Angela is a monster, Sarah thought, and the words were cold and sharp and certain. What she did to me... I will never forget. And I will never forgive.
But she said nothing. The others did not know she was from another world. They could not know. The secret was hers alone, locked in the System's silent vaults, and she would keep it there until she died.
"Angela," Kenta said, and his voice was flat, careful. "The Goddess of Angels."
"The same," Alice said. "The Seraphim of Shattered Skies. The Architect of Falling Stars. The Mother of a Thousand Sorrows." She paused, her amber eyes dark. "She has many names. None of them are kind."
"And Mio serves her."
It was not a question.
Alice nodded. "I believe so. I have seen the signs—the cold magic, the precise control, the way she moves through the world like she is always being watched." She paused. "Angela's angels are not like others. They are not messengers or protectors. They are... weapons. Tools. Instruments of her will."
Sarah's hands clenched at her sides. "And what does Angela want with us?"
Yuan and Alice exchanged a look—a long, weighted glance that spoke of knowledge they had not yet shared.
"The keys," Yuan said finally. "The gate. Whatever lies beyond it." He paused. "Angela has been watching this world for a very long time. She has been waiting for something. And now, it seems, she believes the waiting is over."
The fire crackled. The clock on the wall ticked. Somewhere, in a room above them, Kenta's door had opened and closed, and Mio had walked away into the grey dawn.
"She's in danger," Sarah said. "Mio.

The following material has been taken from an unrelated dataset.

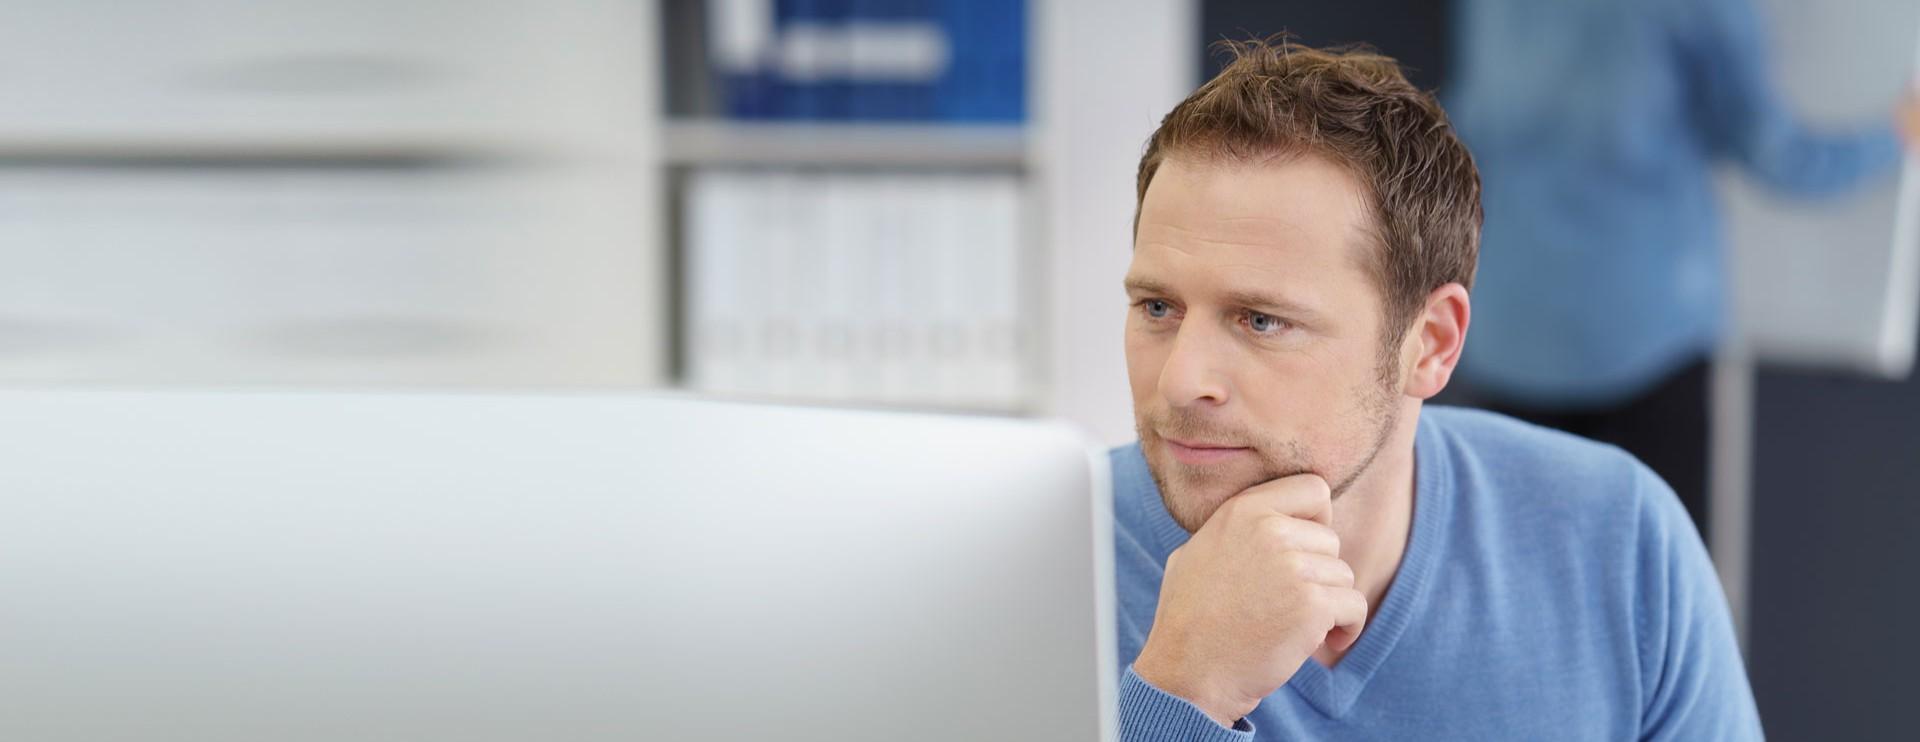 Man checking his laptop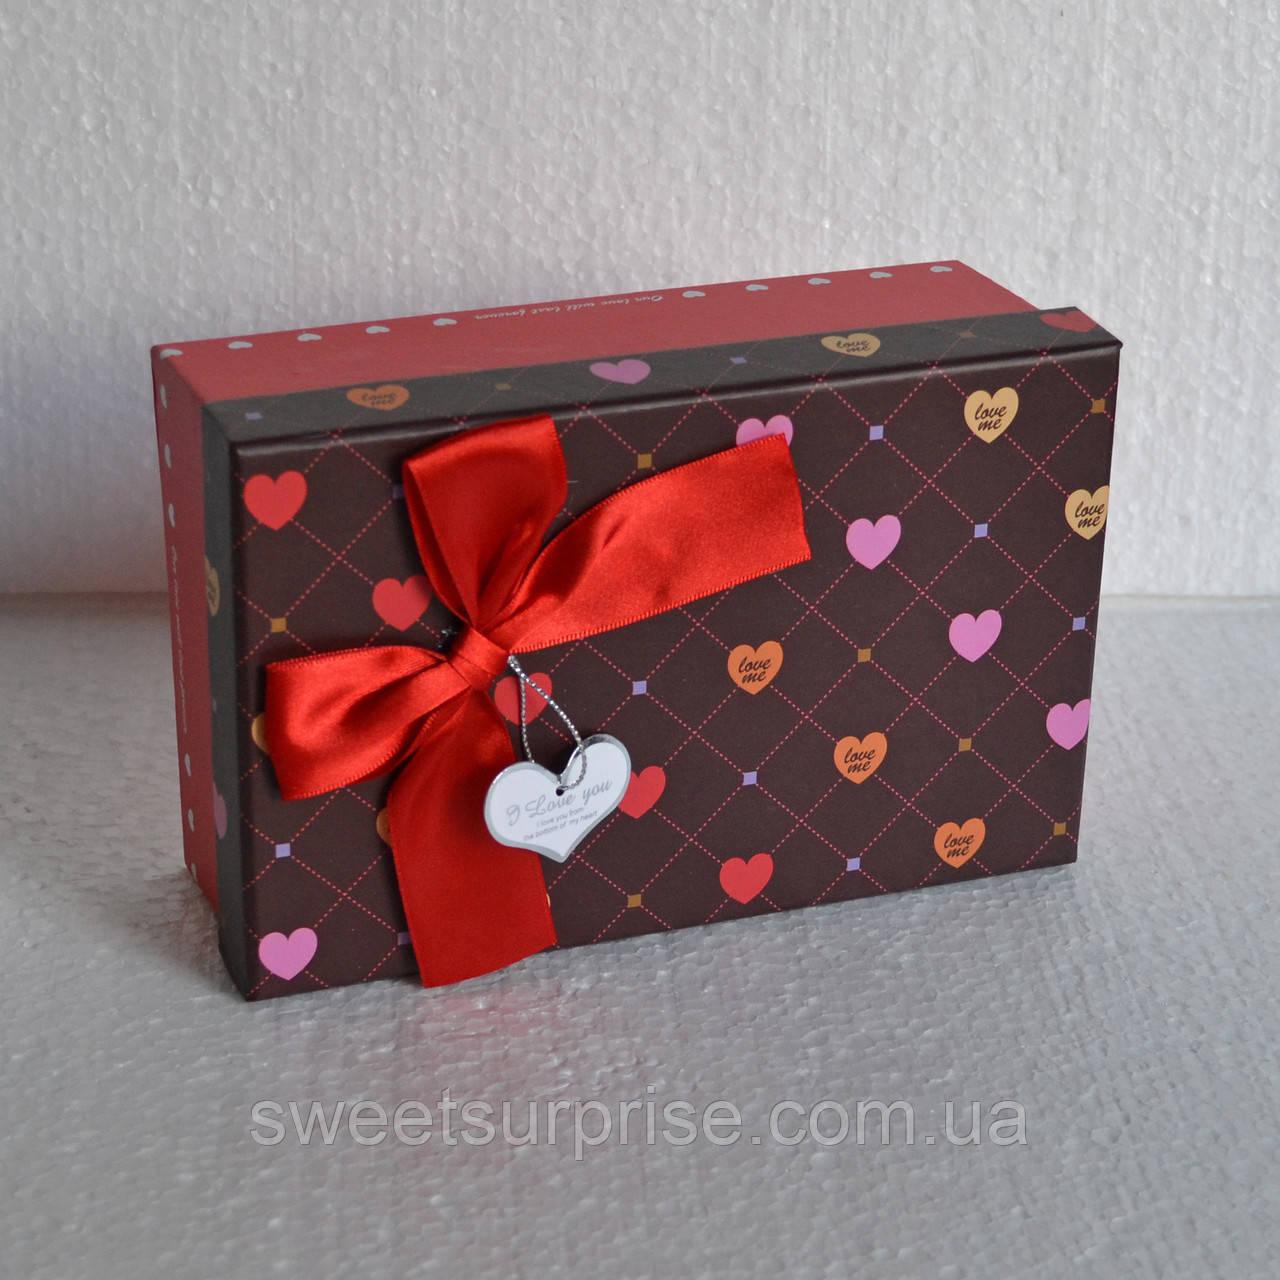 Прямоугольная подарочная коробка

She's in danger, and she won't tell us why."
"She is not the only one," Yuan said quietly. "We are all in danger. We have been since the moment we touched the keys." He looked at Sarah, his grey-blue eyes calm but heavy. "The question is not whether we will face Angela. The question is whether we will face her together."
Sarah met his gaze. She thought of Mio's face, pale and strained, standing at the threshold of Kenta's room. She thought of the weight she had been carrying, the secret she had been hiding, the choice she had been avoiding.
She came to you, Yuan had said. That is not nothing.
"Together," Sarah said. "We face her together."
The words felt like a vow. Like a promise. Like the first note of a bell that had not yet begun to ring.
Outside, the stars wheeled overhead. And somewhere, on a cliff covered in red spider lilies, a bird in a cage was trying to remember how to sing.